Service awards "are discretionary . . . and are intended to compensate class representatives for work done on behalf of the class, to make up for financial or reputational risk undertaken in bringing the action, and, sometimes, to recognize their willingness to act as a private attorney general." Rodriguez v. W. Publ'g Corp., 563 F.3d 948, 958-59 (9th Cir. 2009) (internal citation omitted). Courts evaluate service awards individually, "using relevant factors including the actions the plaintiff has taken to protect the interests of the class, the degree to which the class has benefited from those actions, the amount of time and effort the plaintiff expended in pursuing the litigation and reasonable fears of workplace retaliation." Staton v. Boeing, Co., 327 F.3d 938, 977 (9th Cir. 2003) (citation and internal quotations and alterations omitted). Indeed, "courts must be vigilant in scrutinizing all incentive awards to determine whether they destroy the adequacy of the class representatives." Radcliffe v. Experian Info. Sols., Inc., 715 F.3d 1157, 1164 (9th Cir. 2013).
Plaintiffs request a service award of $10,000 for lead Plaintiff Jacqueline Nelson and $5,000 for the other named plaintiffs. Mot. Att'y Fees 19. Plaintiffs believe this award is reasonable in light of the contributions that Plaintiffs have made on behalf of the class. Id. Counsel contends that these class representatives provided valuable information and documentation from their employment, which was instrumental in Class Counsel's understanding of the case. Id. No one has objected to the proposed service awards.
To determine the reasonableness of a service award, courts consider the proportionality between the service award and the range of class members' settlement awards. Dyer v. Wells Fargo Bank, N.A., 303 F.R.D. 326, 335 (N.D. Cal. 2014). In this Circuit, an award of $5,000 is presumptively reasonable. See Harris v. Vector Marketing Corp., No. C-08-5198, 2012 WL 381202, at *7 (N.D. Cal. Feb. 6, 2012) (collecting cases). Thus, in light of the named plaintiffs' service to the class, the Court finds that a service award of $5,000 each is reasonable.

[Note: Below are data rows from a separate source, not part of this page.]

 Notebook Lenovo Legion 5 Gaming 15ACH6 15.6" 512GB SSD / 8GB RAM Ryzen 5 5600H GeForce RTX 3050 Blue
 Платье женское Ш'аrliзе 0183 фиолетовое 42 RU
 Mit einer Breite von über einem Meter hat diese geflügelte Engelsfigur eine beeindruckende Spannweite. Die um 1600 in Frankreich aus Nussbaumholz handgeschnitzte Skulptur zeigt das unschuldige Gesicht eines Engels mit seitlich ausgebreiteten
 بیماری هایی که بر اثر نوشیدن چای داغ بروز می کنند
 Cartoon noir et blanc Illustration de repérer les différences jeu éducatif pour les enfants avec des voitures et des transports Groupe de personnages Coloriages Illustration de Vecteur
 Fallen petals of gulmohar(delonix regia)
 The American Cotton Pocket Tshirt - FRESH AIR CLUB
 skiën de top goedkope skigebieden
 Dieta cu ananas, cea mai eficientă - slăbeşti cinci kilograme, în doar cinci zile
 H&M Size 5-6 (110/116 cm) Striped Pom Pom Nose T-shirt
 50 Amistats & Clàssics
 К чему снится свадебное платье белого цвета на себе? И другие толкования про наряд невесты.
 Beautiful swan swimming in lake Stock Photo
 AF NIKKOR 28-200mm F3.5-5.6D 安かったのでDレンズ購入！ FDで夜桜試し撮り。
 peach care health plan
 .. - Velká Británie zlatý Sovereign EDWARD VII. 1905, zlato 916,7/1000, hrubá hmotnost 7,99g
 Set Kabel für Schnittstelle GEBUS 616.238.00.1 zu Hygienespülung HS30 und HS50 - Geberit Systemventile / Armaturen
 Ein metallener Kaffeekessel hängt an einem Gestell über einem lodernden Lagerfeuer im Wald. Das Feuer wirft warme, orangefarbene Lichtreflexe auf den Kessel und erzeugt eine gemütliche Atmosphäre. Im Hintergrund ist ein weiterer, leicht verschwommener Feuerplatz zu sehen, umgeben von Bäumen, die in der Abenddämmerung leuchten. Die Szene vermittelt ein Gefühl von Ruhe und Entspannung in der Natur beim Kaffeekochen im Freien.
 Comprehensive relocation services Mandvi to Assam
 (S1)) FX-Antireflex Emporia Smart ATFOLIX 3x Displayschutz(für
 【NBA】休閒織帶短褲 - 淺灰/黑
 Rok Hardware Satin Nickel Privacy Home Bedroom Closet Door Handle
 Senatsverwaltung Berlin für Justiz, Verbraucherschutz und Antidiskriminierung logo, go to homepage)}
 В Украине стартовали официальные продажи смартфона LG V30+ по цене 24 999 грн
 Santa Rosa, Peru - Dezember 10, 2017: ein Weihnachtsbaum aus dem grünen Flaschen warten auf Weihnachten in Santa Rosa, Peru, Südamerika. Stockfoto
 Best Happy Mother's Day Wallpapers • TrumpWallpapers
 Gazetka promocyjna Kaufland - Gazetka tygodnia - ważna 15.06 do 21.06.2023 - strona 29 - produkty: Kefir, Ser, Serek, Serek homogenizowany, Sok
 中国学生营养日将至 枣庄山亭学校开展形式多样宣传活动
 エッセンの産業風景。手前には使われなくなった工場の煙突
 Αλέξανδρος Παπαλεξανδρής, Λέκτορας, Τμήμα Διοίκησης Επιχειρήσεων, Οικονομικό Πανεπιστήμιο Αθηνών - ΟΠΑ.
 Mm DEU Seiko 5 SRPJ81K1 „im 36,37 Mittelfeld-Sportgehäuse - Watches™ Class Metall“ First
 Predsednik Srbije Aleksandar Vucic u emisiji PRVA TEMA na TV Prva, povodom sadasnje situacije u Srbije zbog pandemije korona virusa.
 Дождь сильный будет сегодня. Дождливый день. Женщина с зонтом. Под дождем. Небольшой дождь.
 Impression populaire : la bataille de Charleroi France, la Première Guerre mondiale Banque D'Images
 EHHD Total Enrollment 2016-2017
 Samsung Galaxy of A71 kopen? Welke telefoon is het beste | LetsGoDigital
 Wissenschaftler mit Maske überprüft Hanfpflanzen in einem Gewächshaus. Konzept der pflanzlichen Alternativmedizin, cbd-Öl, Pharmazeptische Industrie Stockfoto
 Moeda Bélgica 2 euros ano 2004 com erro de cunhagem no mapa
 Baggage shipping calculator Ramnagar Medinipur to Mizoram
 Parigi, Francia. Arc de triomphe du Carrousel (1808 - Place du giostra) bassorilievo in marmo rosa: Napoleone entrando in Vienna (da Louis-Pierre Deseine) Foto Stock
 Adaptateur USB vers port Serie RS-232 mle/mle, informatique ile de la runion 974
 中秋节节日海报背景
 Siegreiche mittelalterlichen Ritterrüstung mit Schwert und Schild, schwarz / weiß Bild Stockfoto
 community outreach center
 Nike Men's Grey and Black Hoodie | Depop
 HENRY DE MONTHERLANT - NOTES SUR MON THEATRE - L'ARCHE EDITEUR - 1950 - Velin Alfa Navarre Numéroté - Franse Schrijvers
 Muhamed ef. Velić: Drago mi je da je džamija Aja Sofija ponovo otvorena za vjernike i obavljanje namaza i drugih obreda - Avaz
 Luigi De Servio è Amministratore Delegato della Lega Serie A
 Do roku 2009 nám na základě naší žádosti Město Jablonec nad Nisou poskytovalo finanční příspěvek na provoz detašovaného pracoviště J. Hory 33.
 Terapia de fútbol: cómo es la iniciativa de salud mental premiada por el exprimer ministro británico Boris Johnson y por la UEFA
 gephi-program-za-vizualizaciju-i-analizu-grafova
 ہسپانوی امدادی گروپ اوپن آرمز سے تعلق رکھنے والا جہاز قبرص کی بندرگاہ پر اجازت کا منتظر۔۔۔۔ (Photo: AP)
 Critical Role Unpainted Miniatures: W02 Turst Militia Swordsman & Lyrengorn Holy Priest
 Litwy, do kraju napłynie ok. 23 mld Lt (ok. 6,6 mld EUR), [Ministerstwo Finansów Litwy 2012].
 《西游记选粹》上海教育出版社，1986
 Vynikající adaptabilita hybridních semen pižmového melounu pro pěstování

Courts in this Circuit routinely grant requests for an award over $5,000 where the particular circumstances warrant such an award. See, e.g., Dyer v. Wells Fargo Bank, N.A., 303 F.R.D. 326, 335 (N.D. Cal. 2014) (awarding $10,000 where lead plaintiff was deposed, participated in a four-day mediation, and spent more than 200 hours assisting in the case). Here, Ms. Nelson appeared for an all-day deposition, searched for documentation relating to the class action, reviewed documents and settlement papers, attended the mediation and subsequent negotiations, and aided Class Counsel with negotiation efforts. Nelson Decl. ISO Final Approval Mot. ¶¶ 5-10, ECF 111. The Court acknowledges that Ms. Nelson invested significant time and energy and suffered some risk to her professional reputation by participating in this action as lead plaintiff. Based on these considerations, the Court finds that a service award of $10,000 is appropriate to compensate Ms. Nelson for the time and effort she spent in connection with this litigation and the risks she took on behalf of her fellow class members.
For the foregoing reasons, the Court hereby ORDERS as follows:
1. The Court GRANTS final approval of the parties' proposed settlement, which is fair, adequate, and reasonable.
2. The Court approves a service award of $10,000 to Lead Plaintiff Jacqueline Nelson and $5,000 to each of the other named plaintiffs.
3. The Court approves an award to Class Counsel of $600,000 in attorneys' fees and $70,000 in expenses.